Activity:
Print exactly the lines from the one that contains "Loewe Men's Goya" through the last line of the material, both included, and leave out all pictures.

Dataset excerpt:
-- -- --

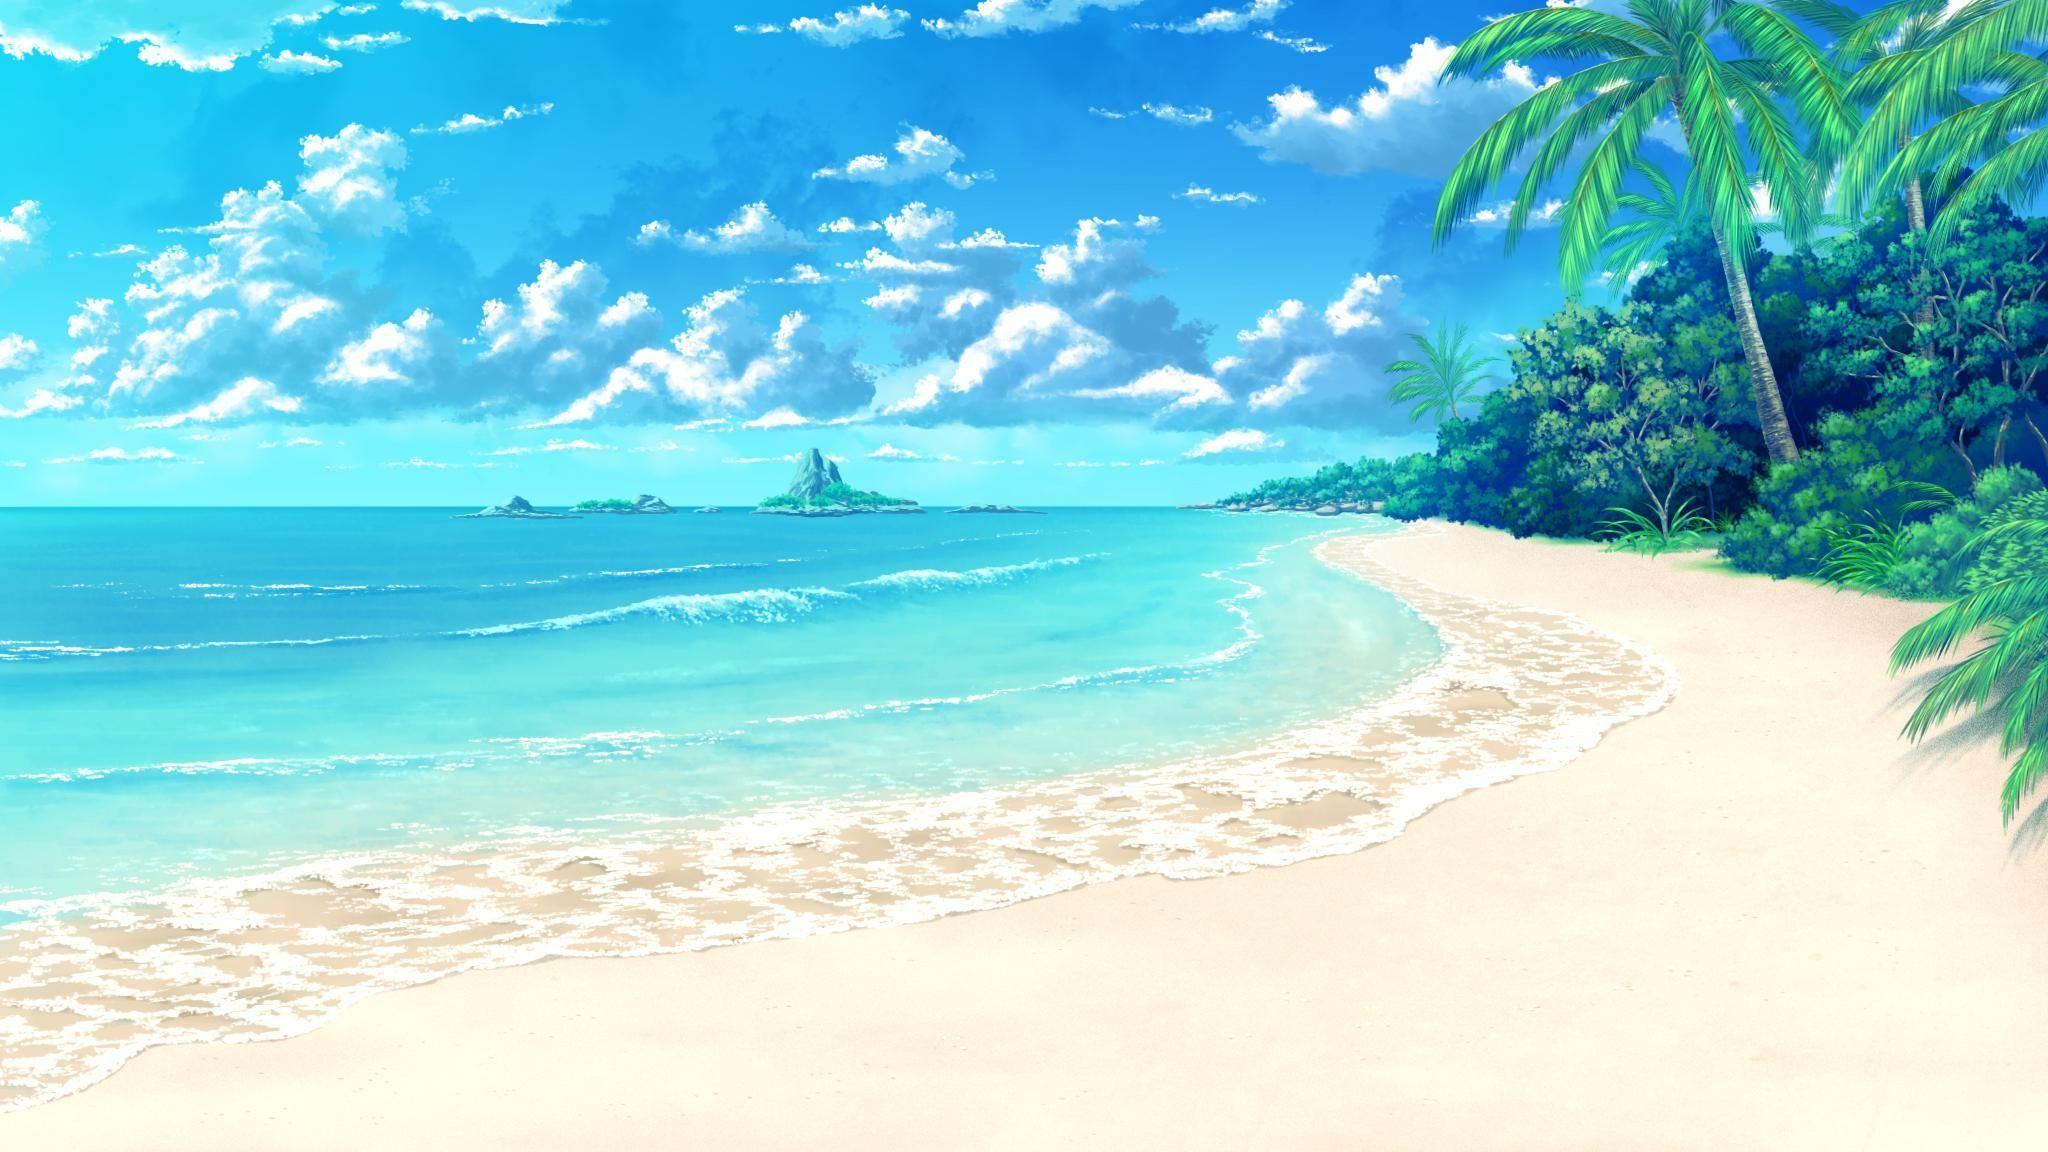 Anime Beach Scenery Wallpapers - Top Free Anime Beach Scenery
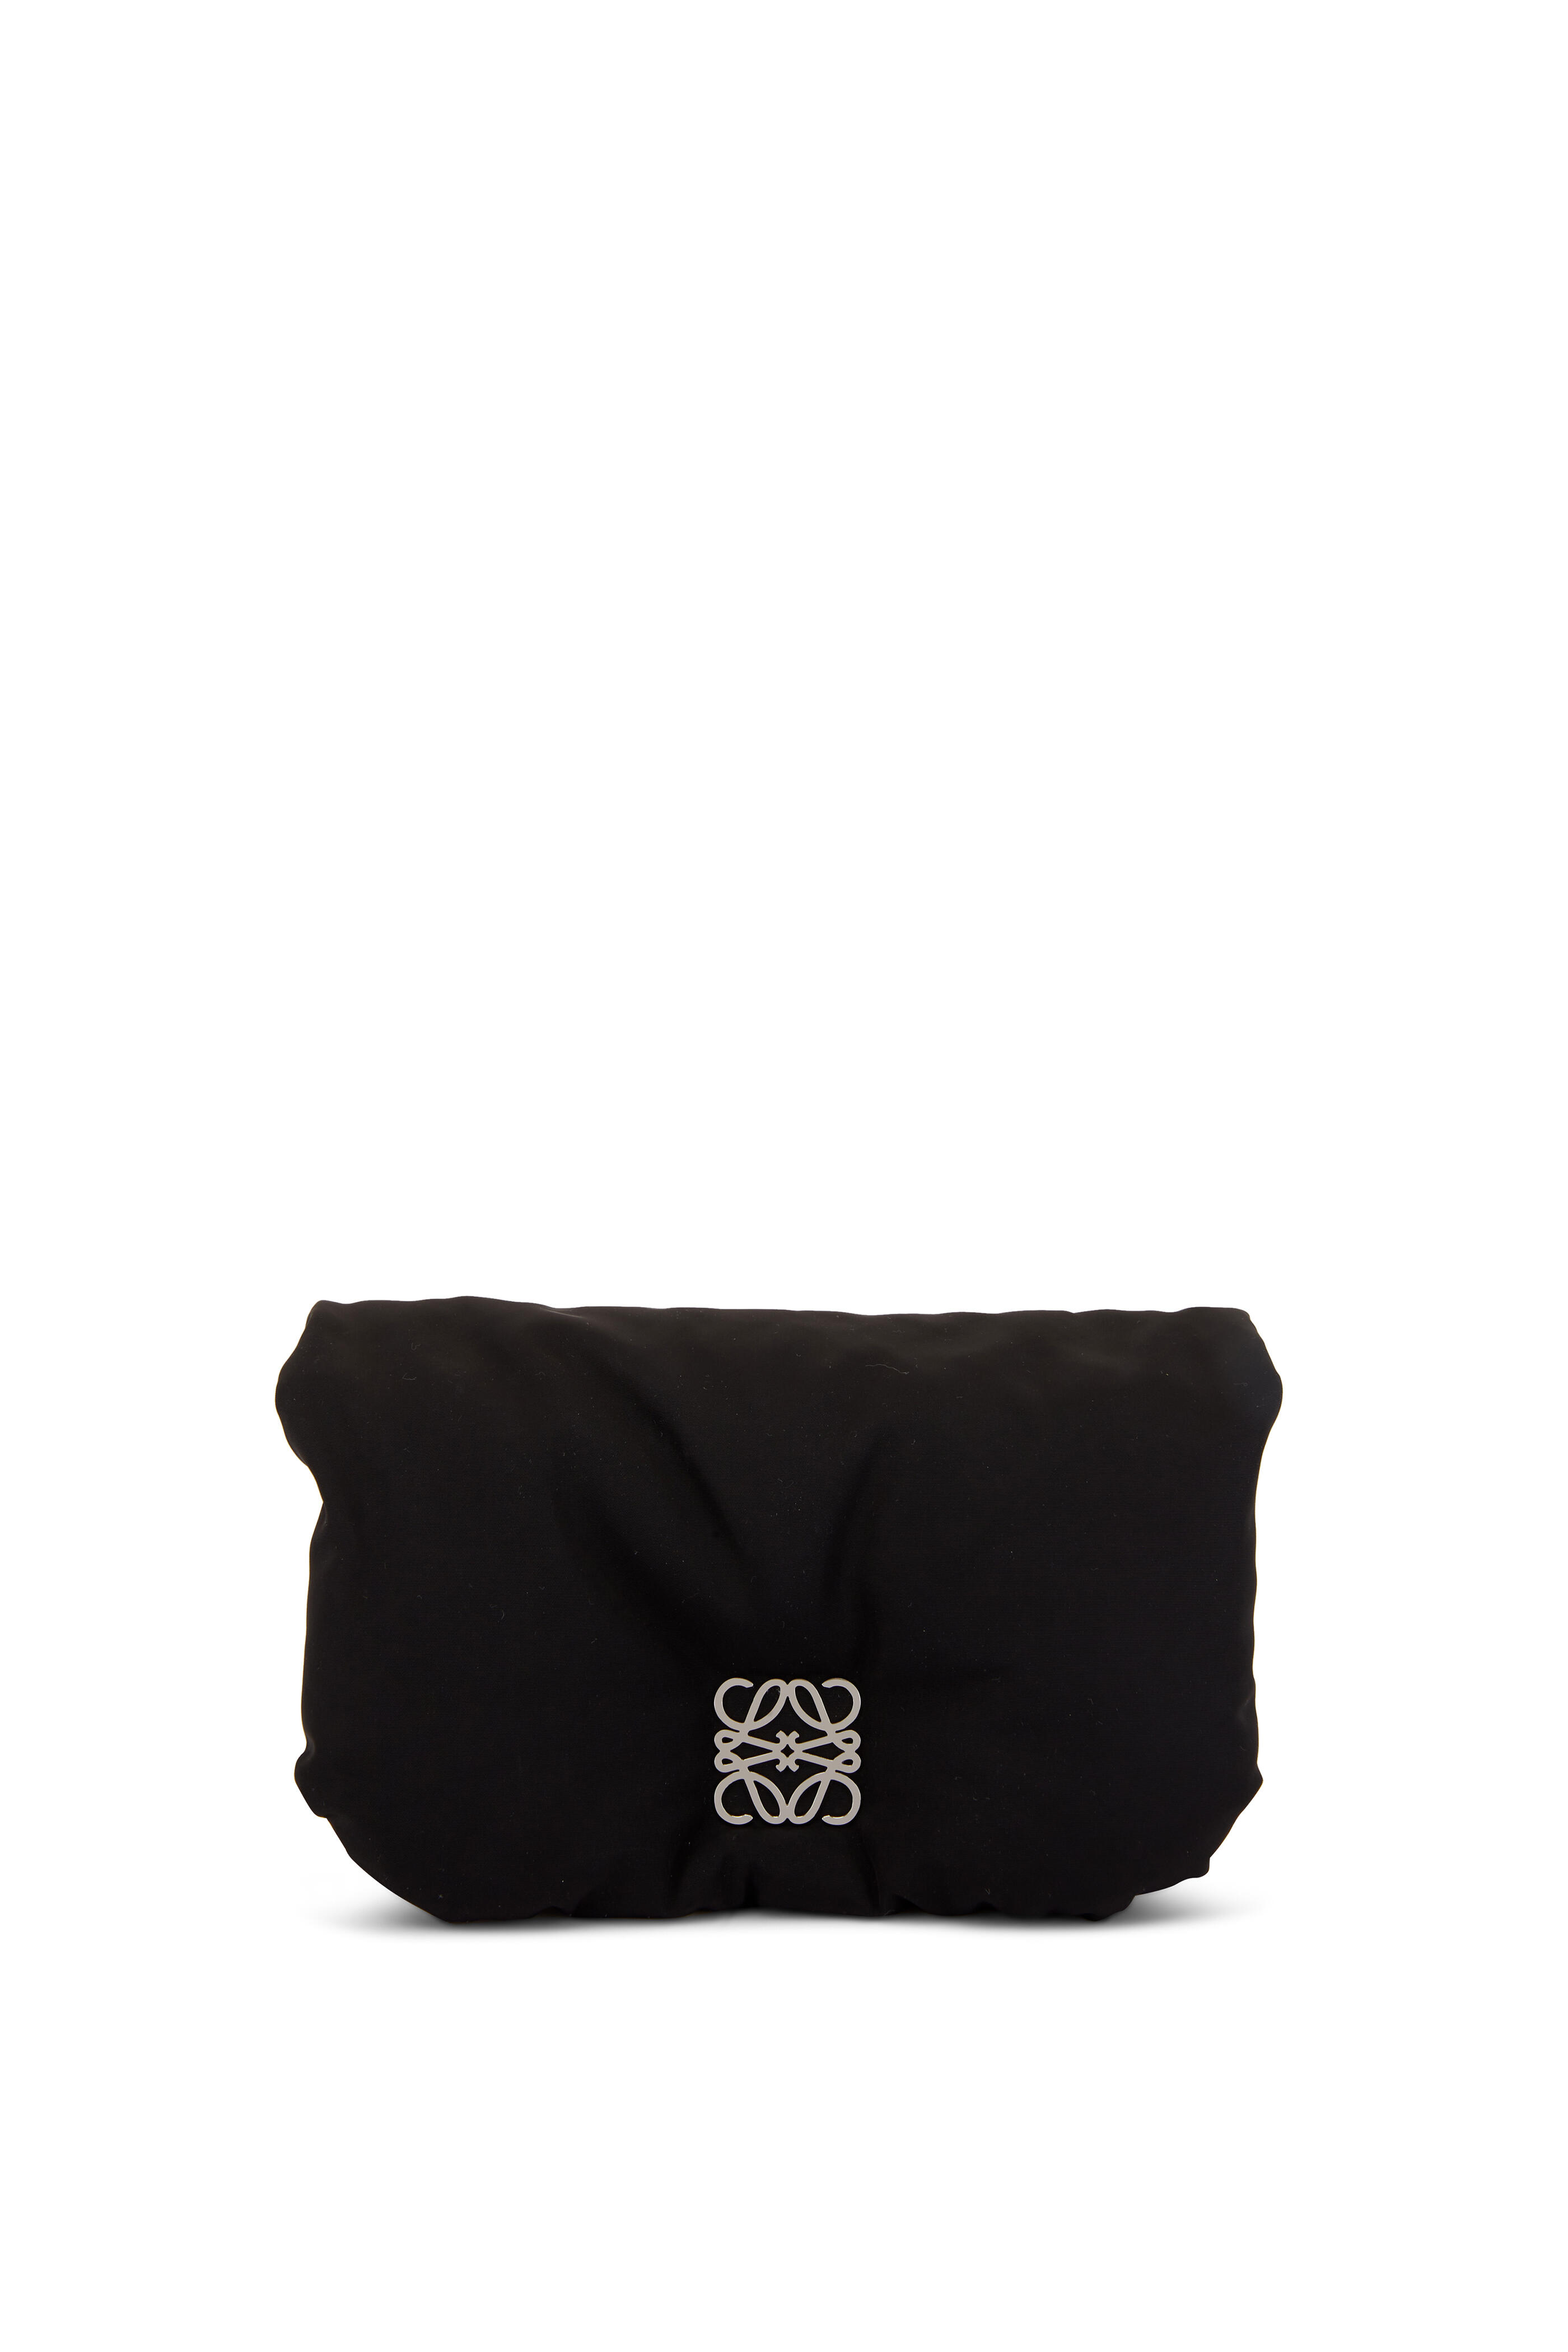 Loewe Men's Goya Thin Briefcase in Black 337.62.P57.1100 2002015356125 -  Handbags - Jomashop
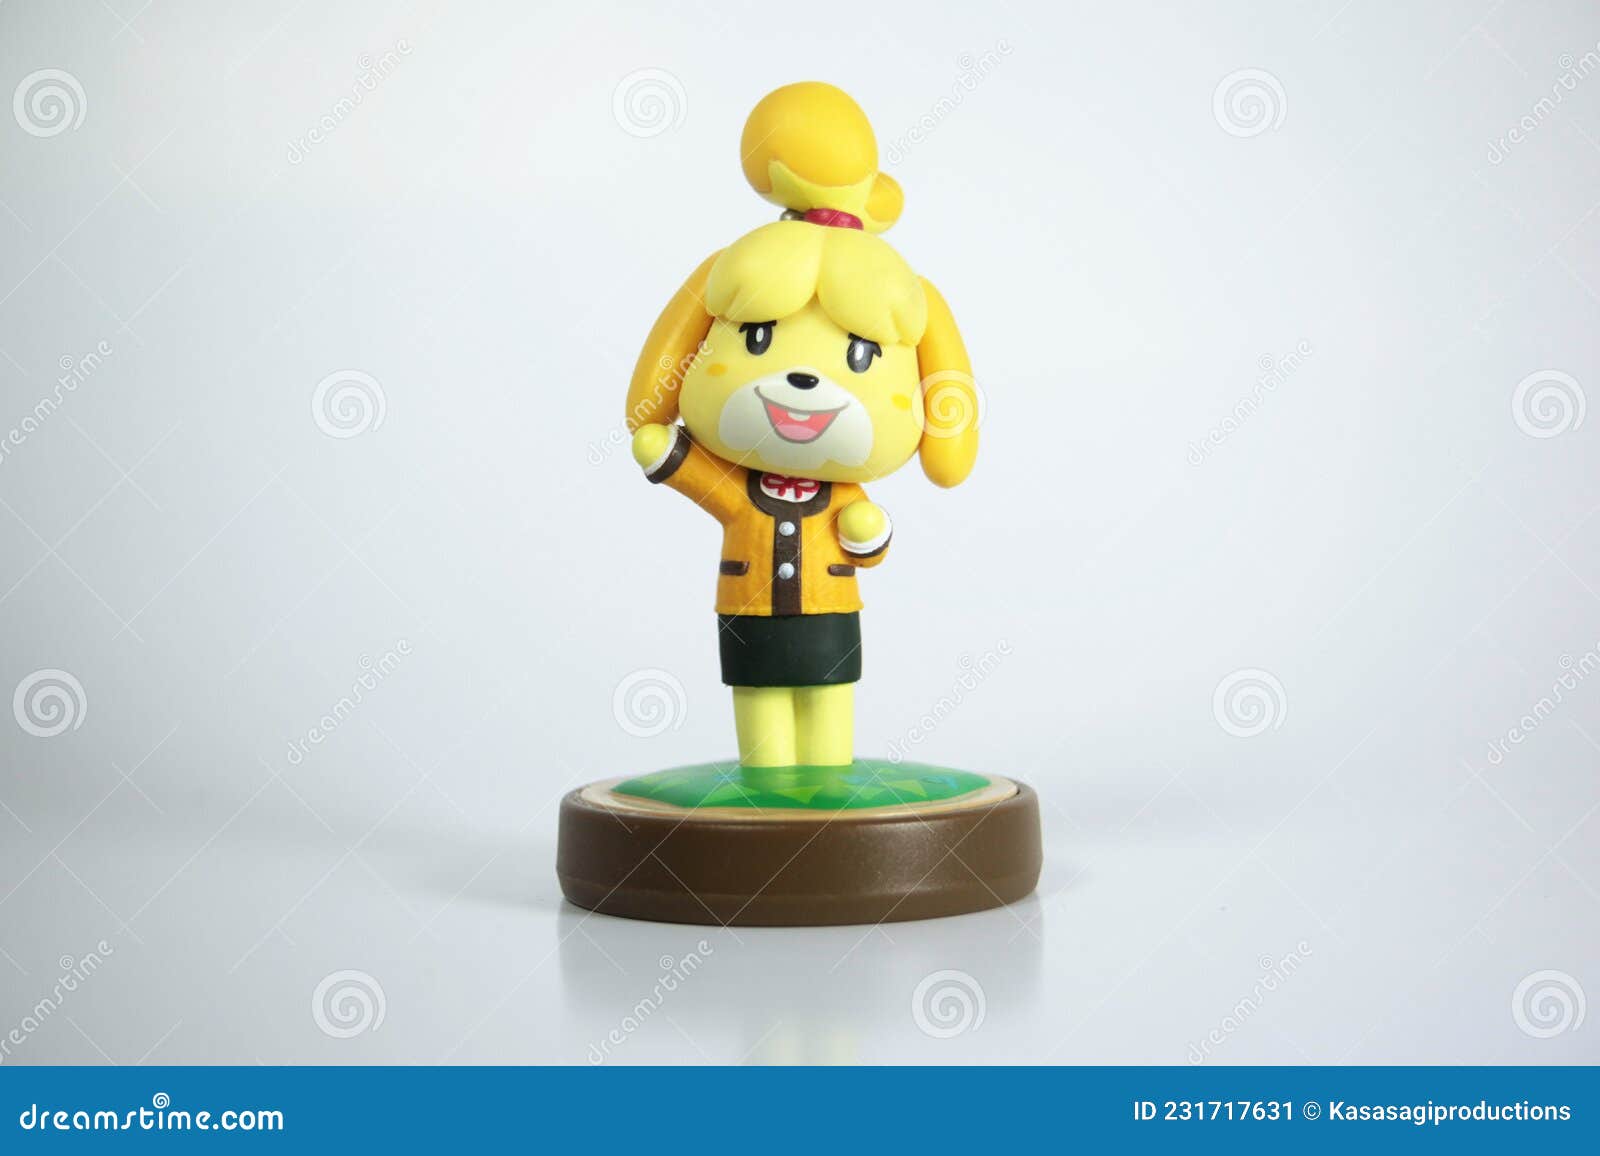 Nintendo`s Animal Crossing Video Game Character Isabelle Amiibo Figure Photo - Image of japanese, mascot: 231717631

-- -- --

Response area:
 Loewe Men's Goya Thin Briefcase in Black 337.62.P57.1100 2002015356125 -  Handbags - Jomashop
 Nintendo`s Animal Crossing Video Game Character Isabelle Amiibo Figure Photo - Image of japanese, mascot: 231717631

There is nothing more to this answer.